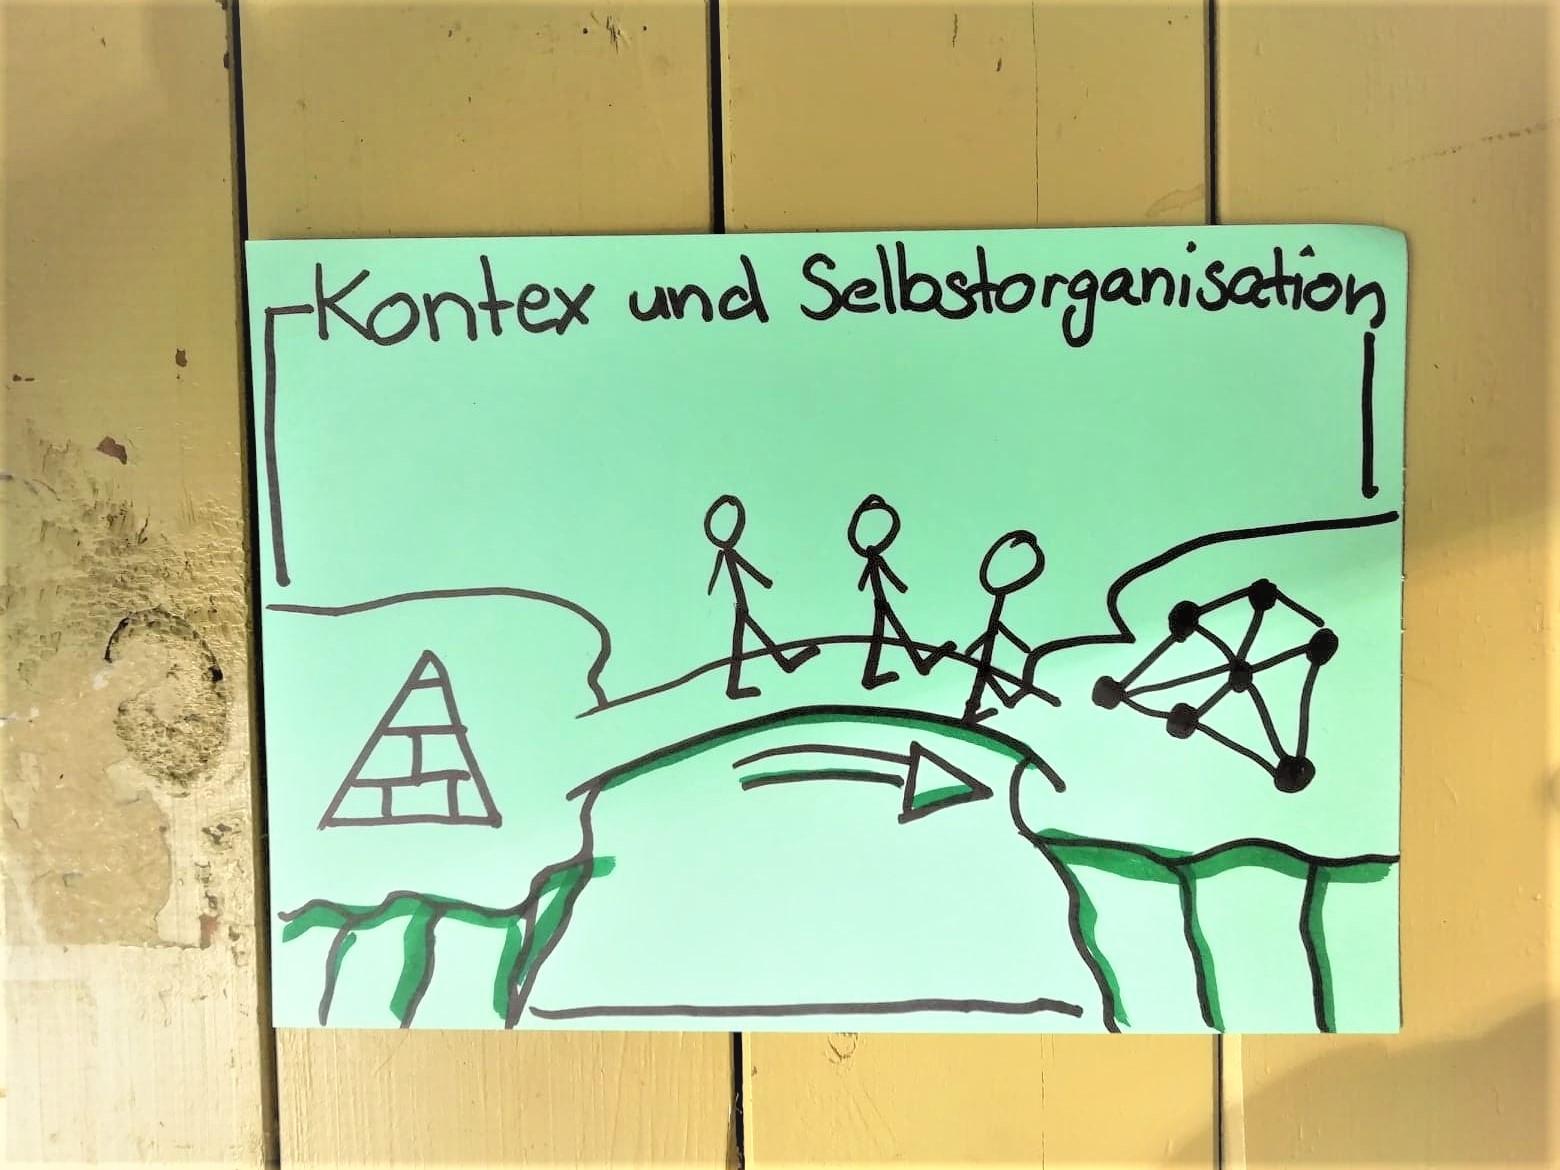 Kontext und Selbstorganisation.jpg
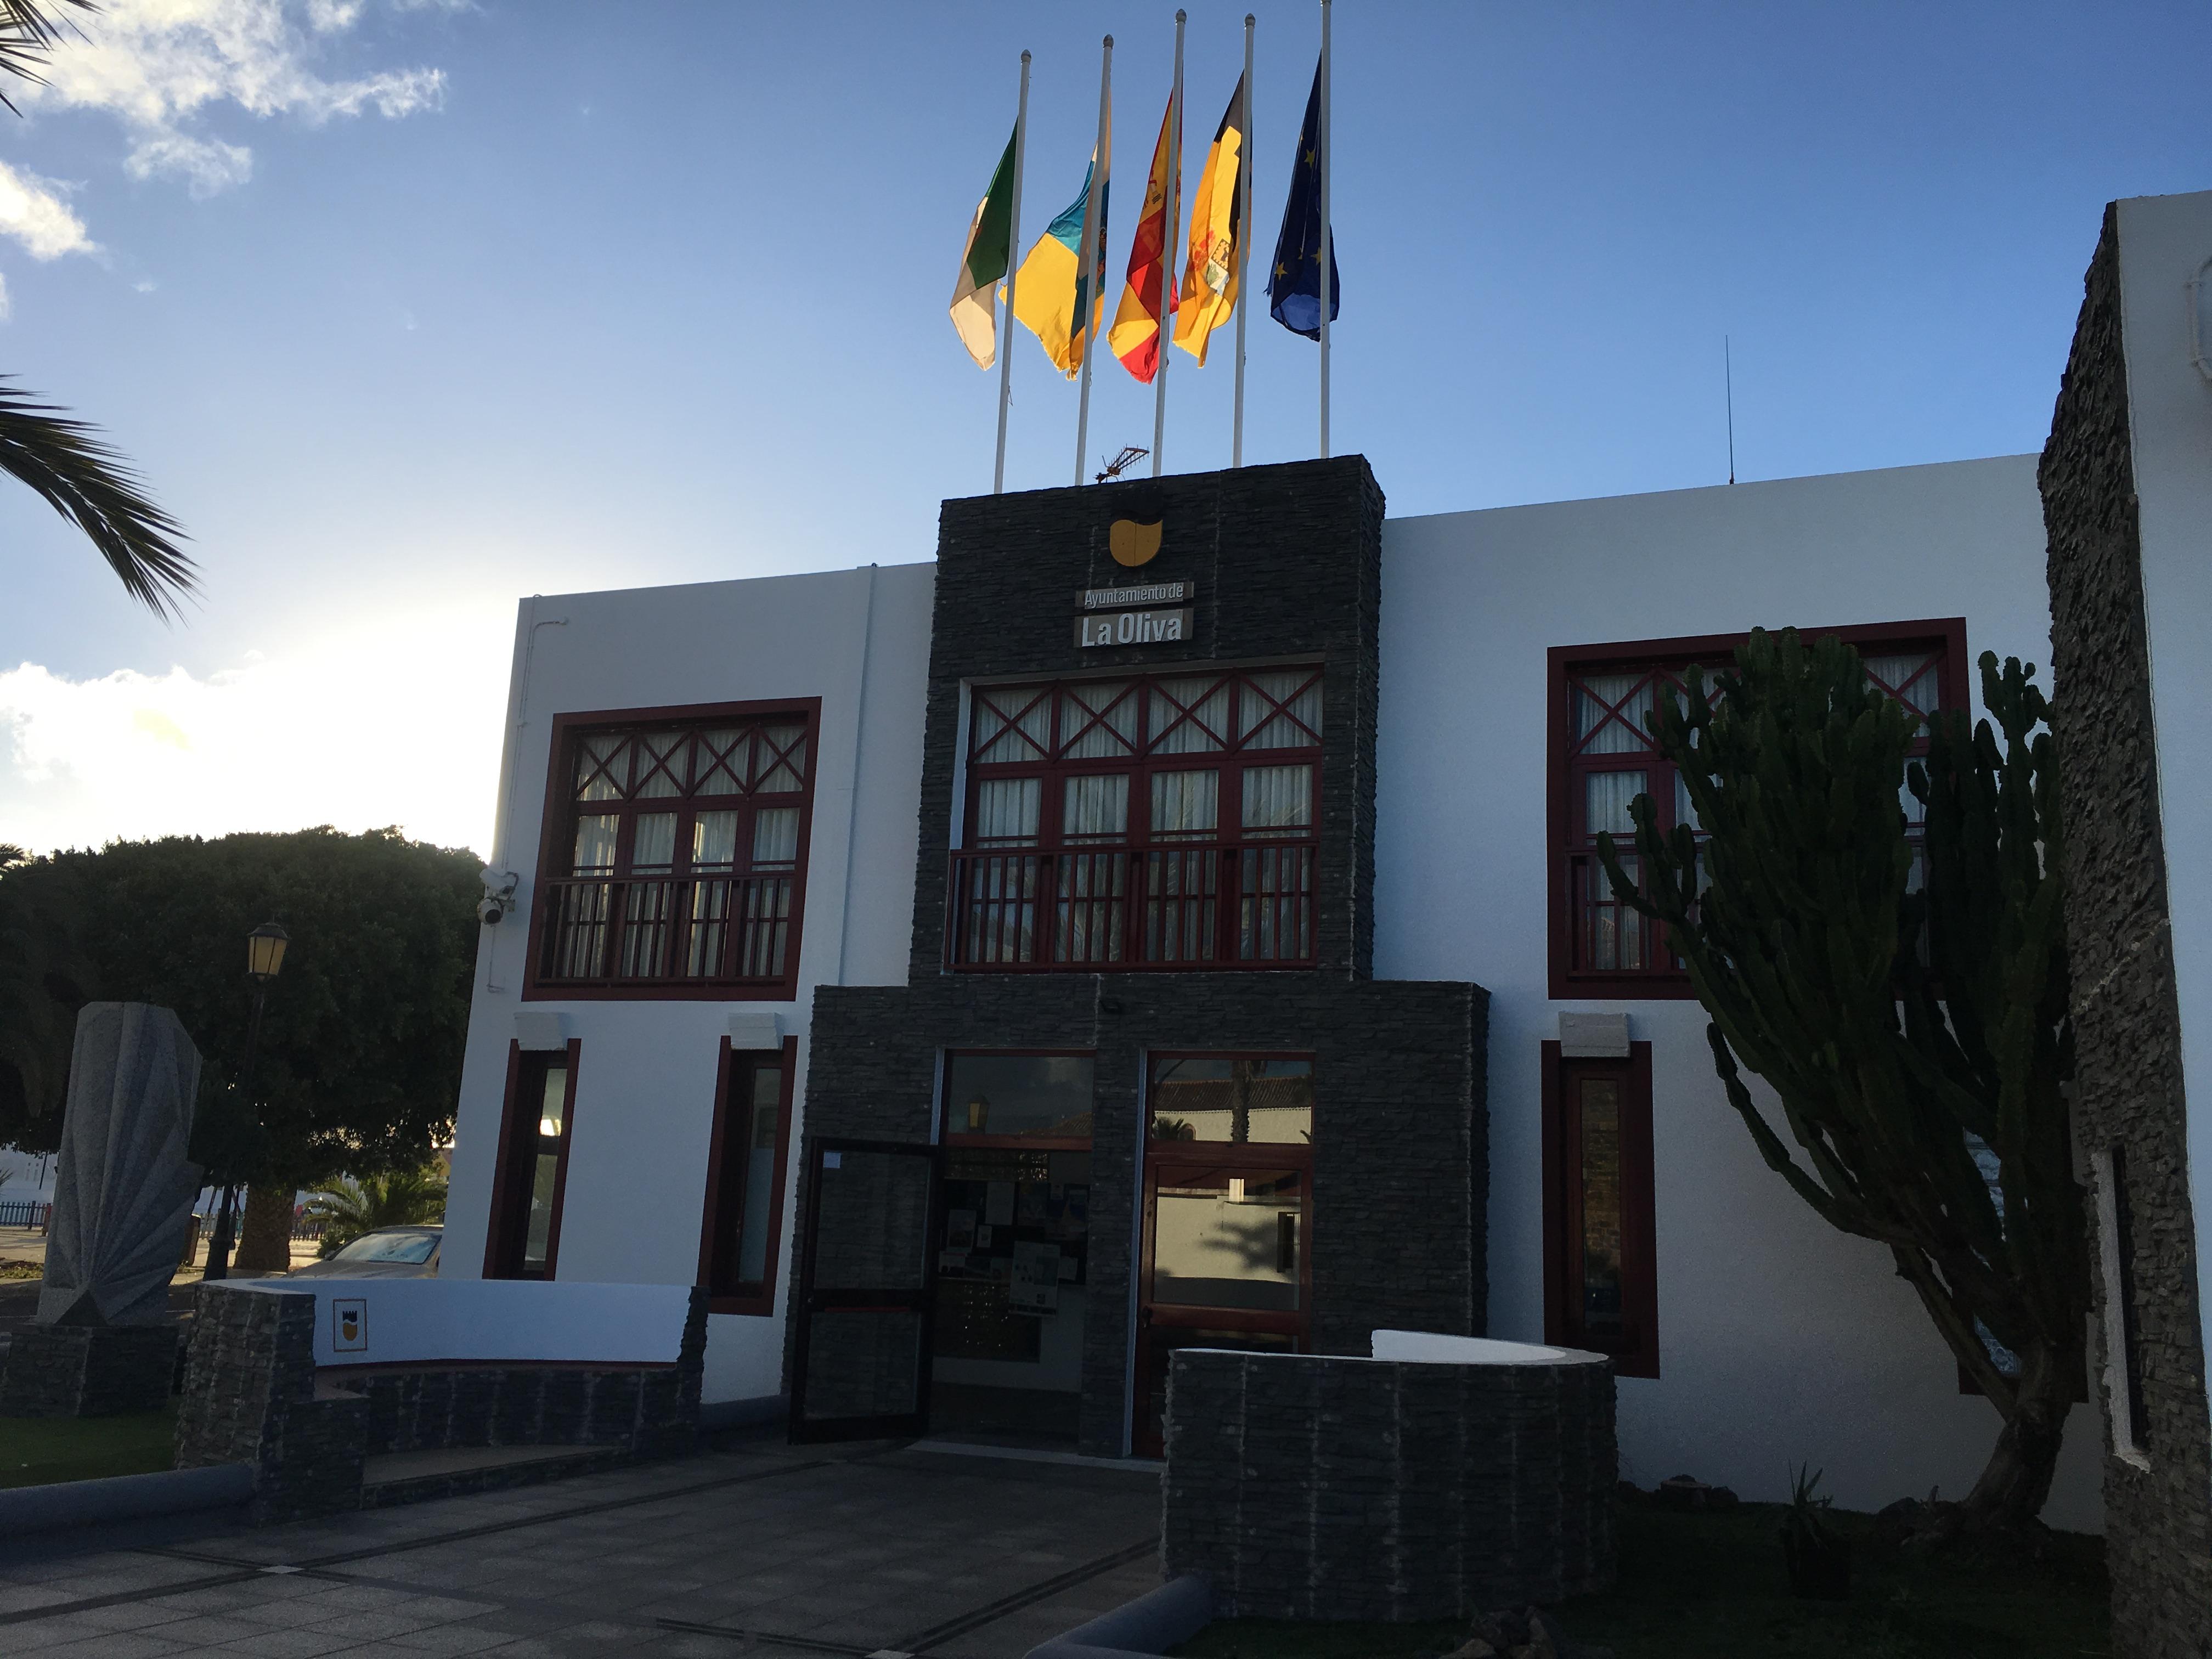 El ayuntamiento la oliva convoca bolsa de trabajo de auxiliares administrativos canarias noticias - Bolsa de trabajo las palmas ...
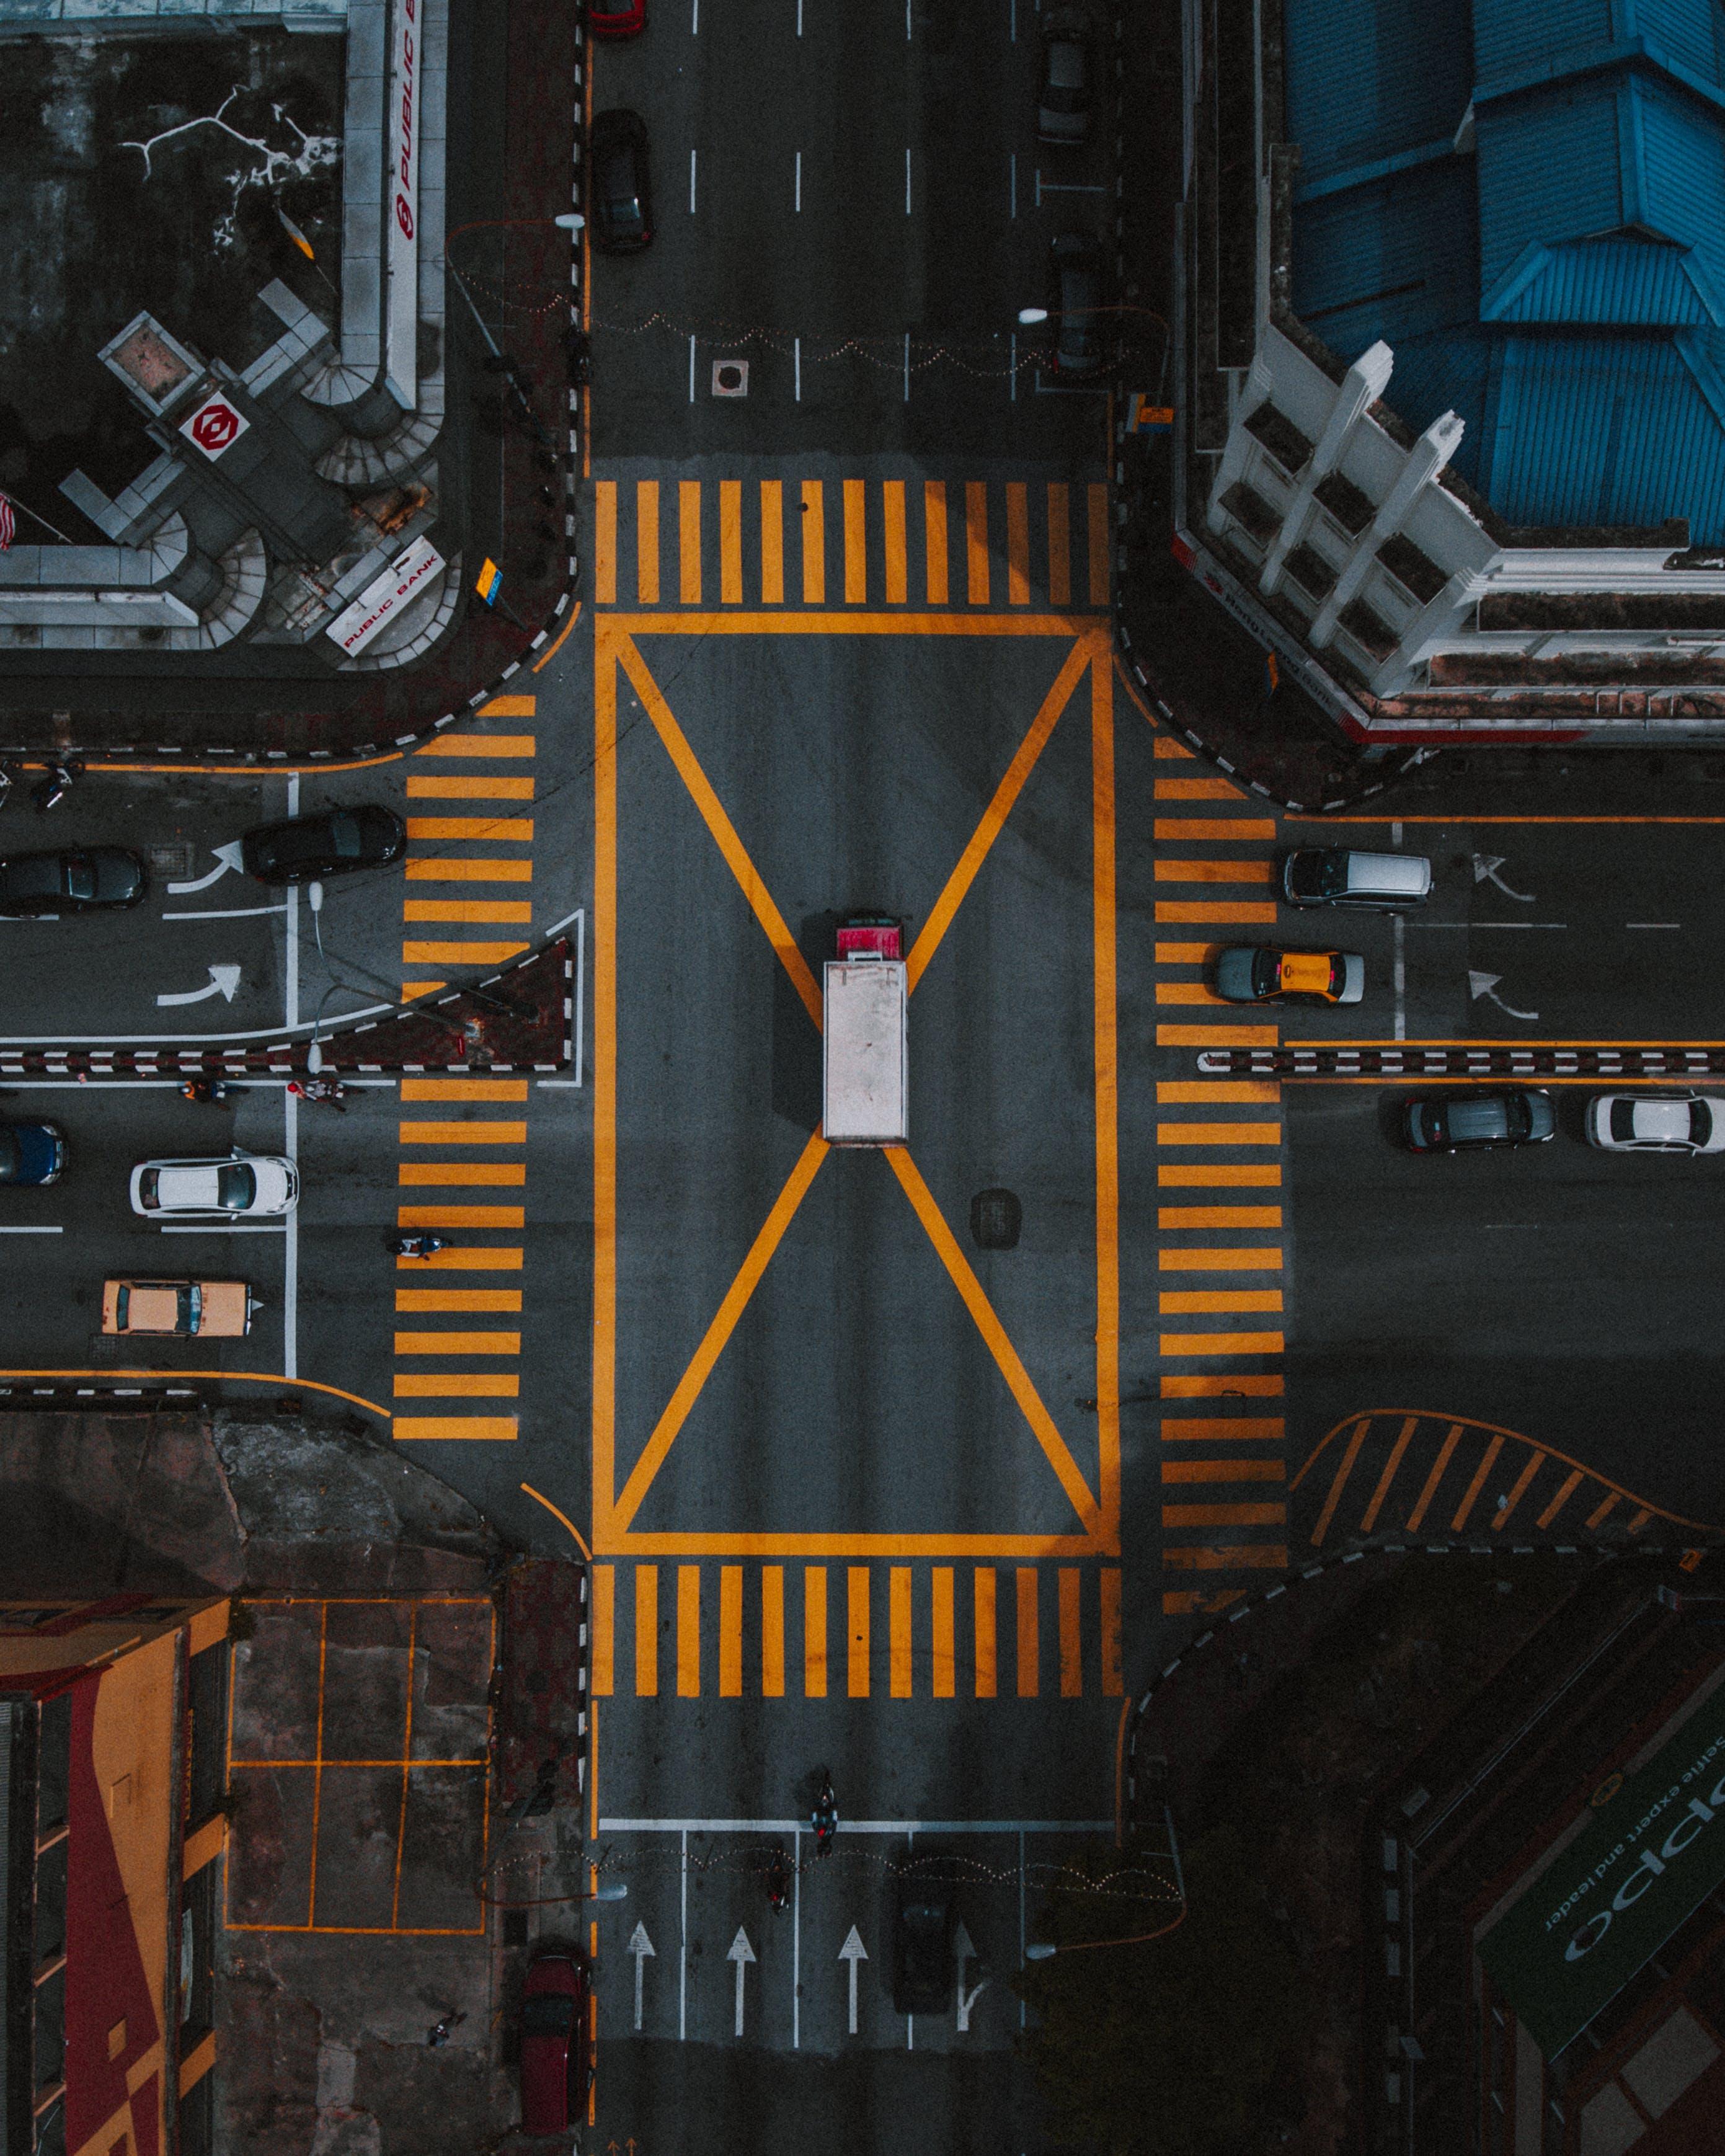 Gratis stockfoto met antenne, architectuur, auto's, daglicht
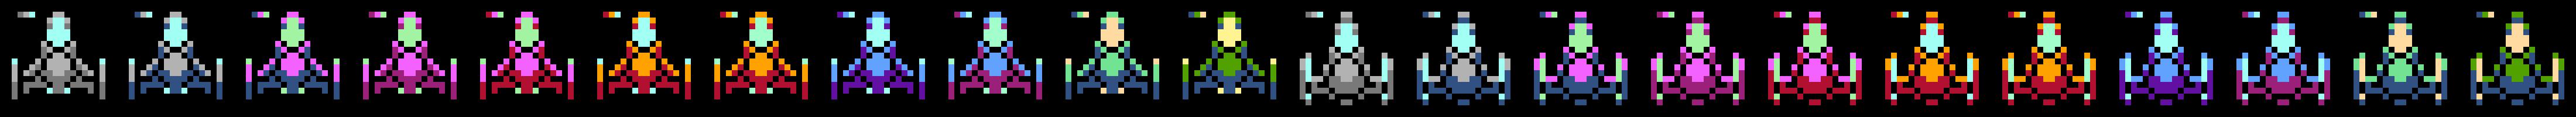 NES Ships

→ **Problem statement**: An exact transcription of the material is required, without any pictures.

→ **Reply**:
 Kontext und Selbstorganisation.jpg
 El ayuntamiento la oliva convoca bolsa de trabajo de auxiliares administrativos canarias noticias - Bolsa de trabajo las palmas ...
 Gratis stockfoto met antenne, architectuur, auto's, daglicht
 NES Ships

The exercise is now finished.